■ Records to process
· · ·

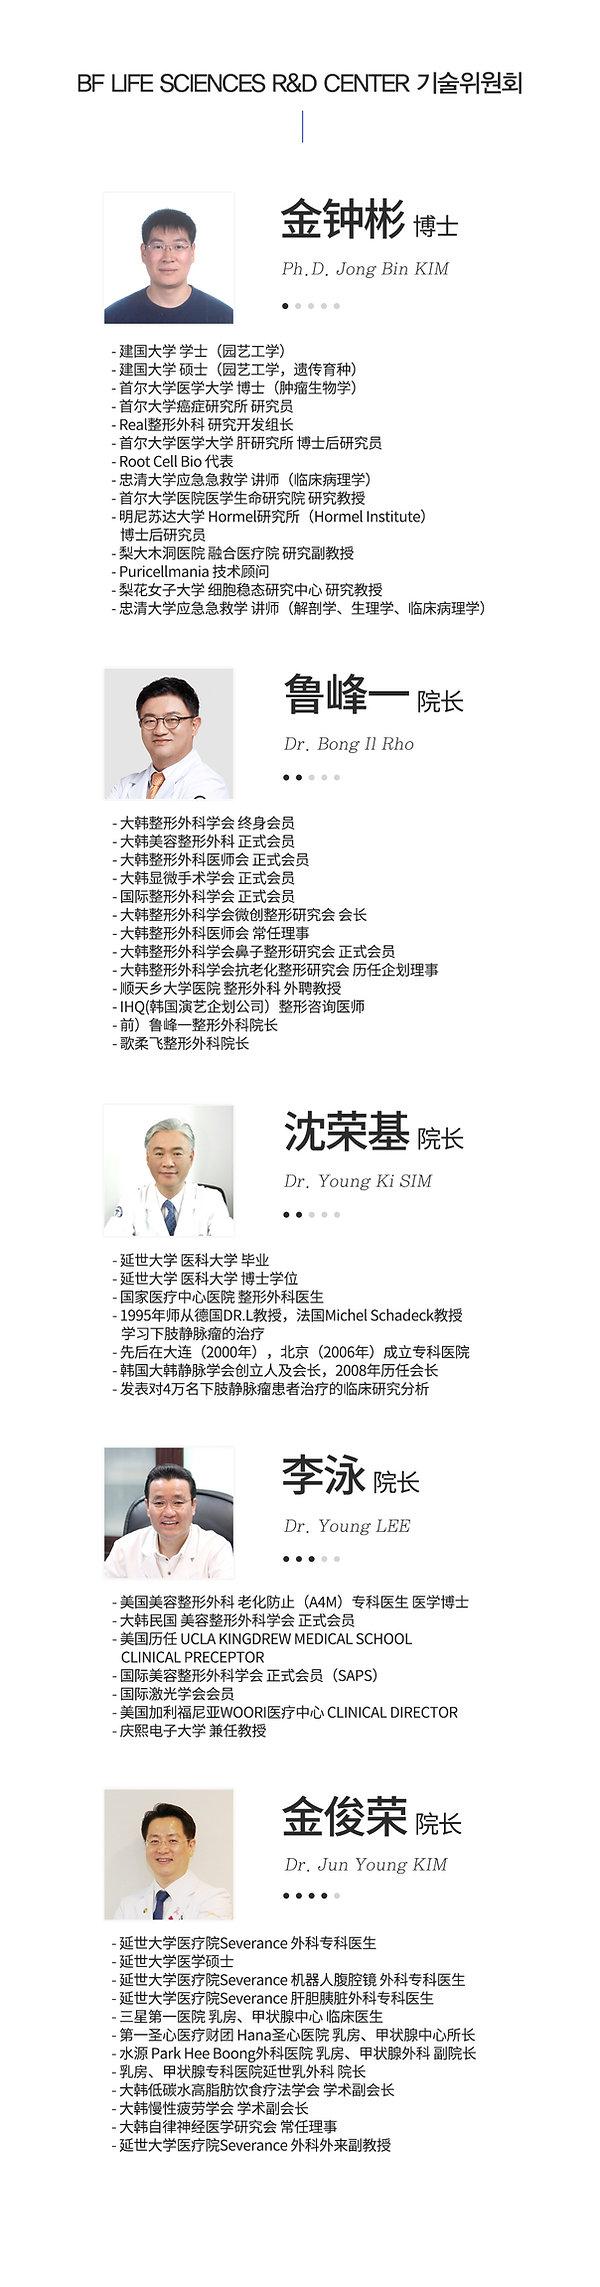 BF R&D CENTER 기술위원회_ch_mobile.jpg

· · ·

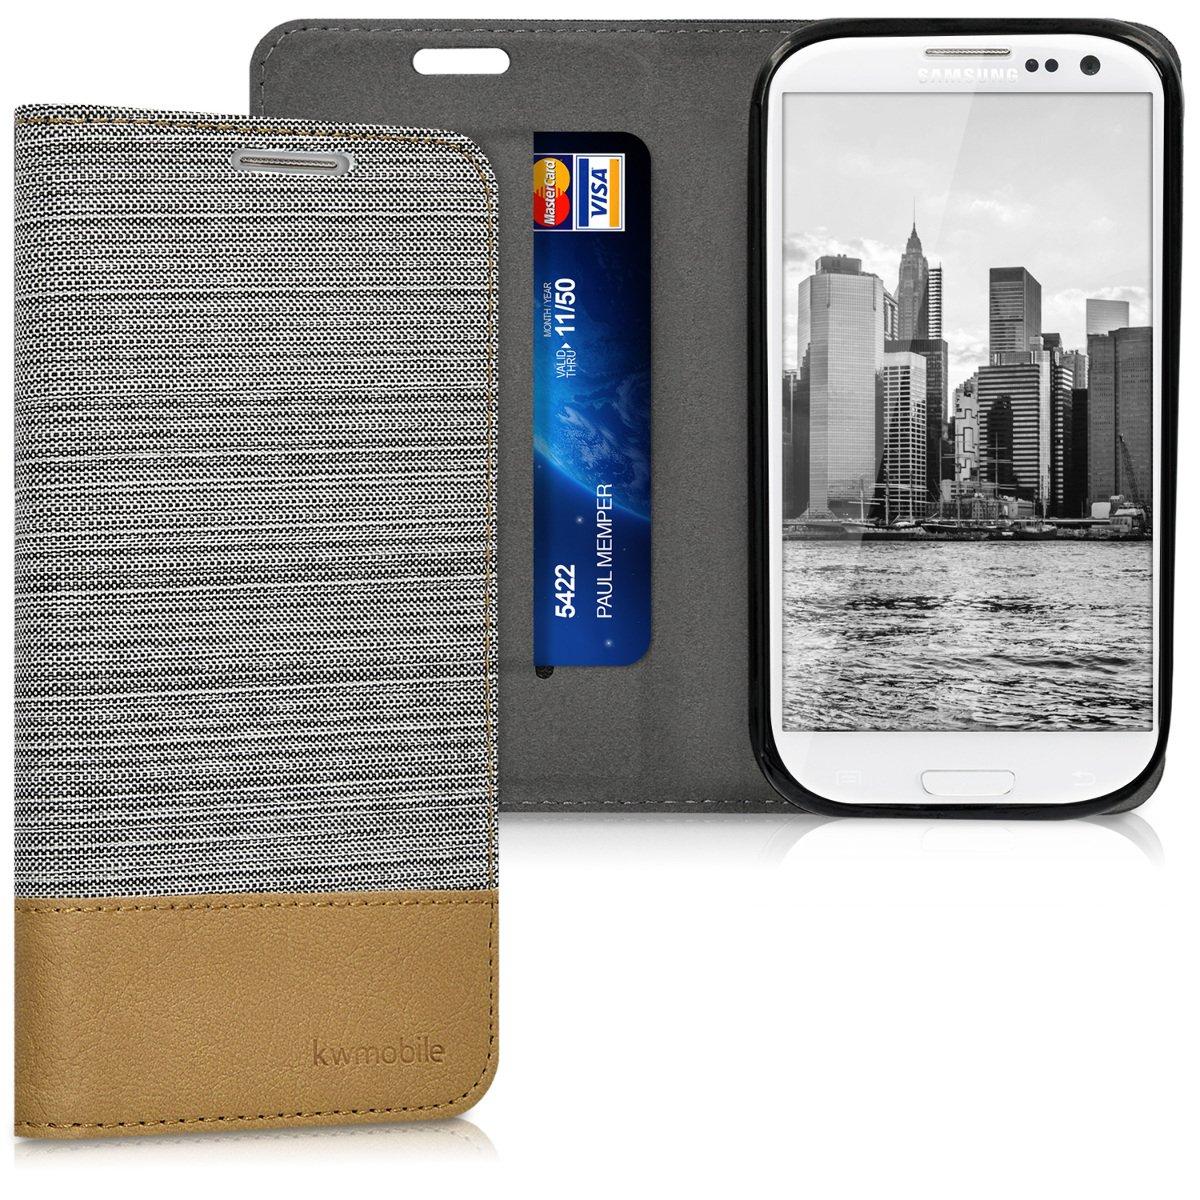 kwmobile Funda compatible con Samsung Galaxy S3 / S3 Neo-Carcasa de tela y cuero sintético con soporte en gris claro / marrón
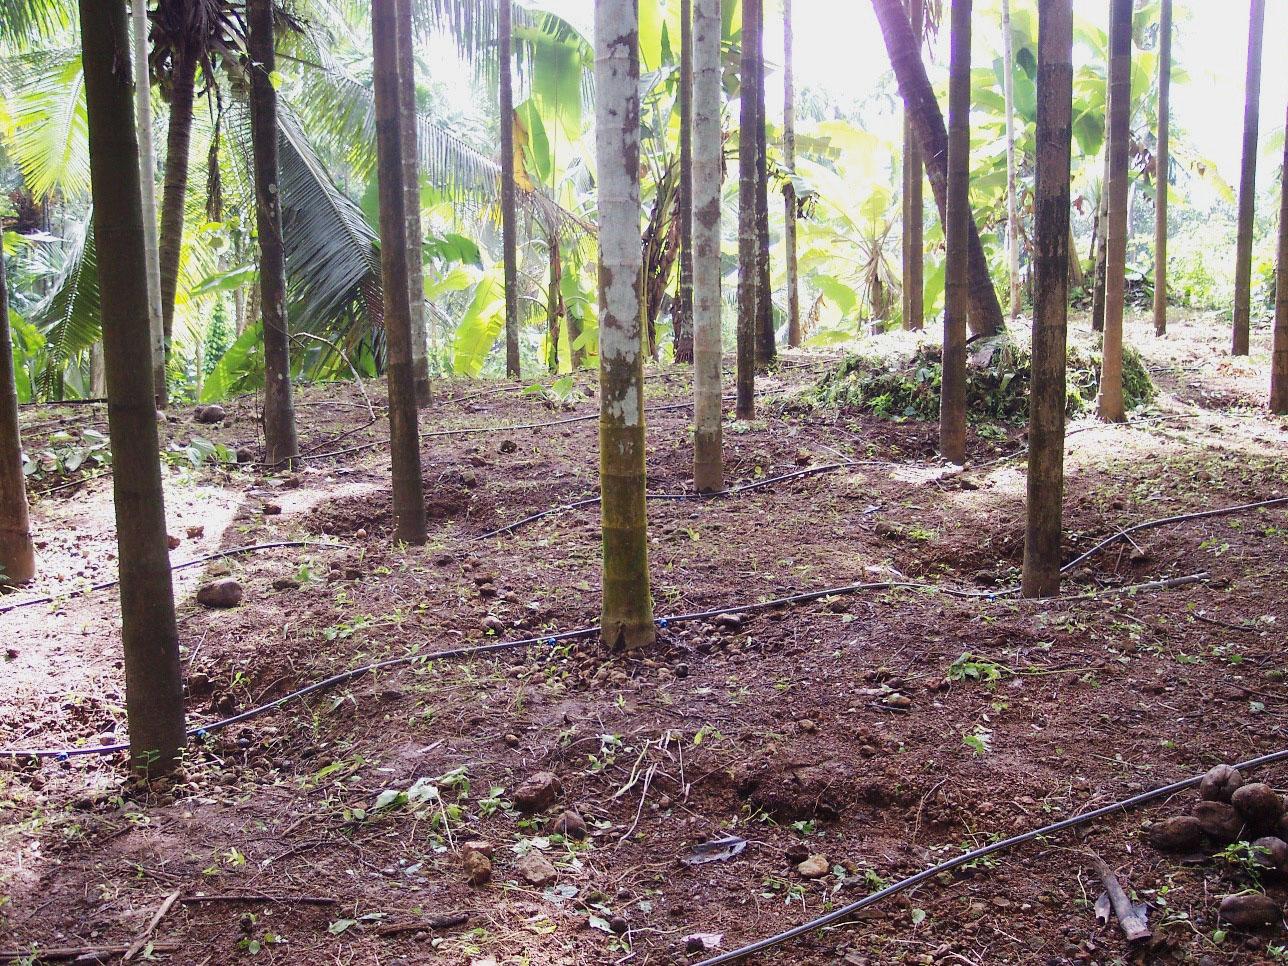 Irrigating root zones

· · ·

■ Instructions for the task
With the pictures omitted, restate word for word the lines above from the line that has "kwmobile Funda compatible" up to and including the line that has "Irrigating root zones", and no other lines.

■ Solution for this problem
 kwmobile Funda compatible con Samsung Galaxy S3 / S3 Neo-Carcasa de tela y cuero sintético con soporte en gris claro / marrón
 Irrigating root zones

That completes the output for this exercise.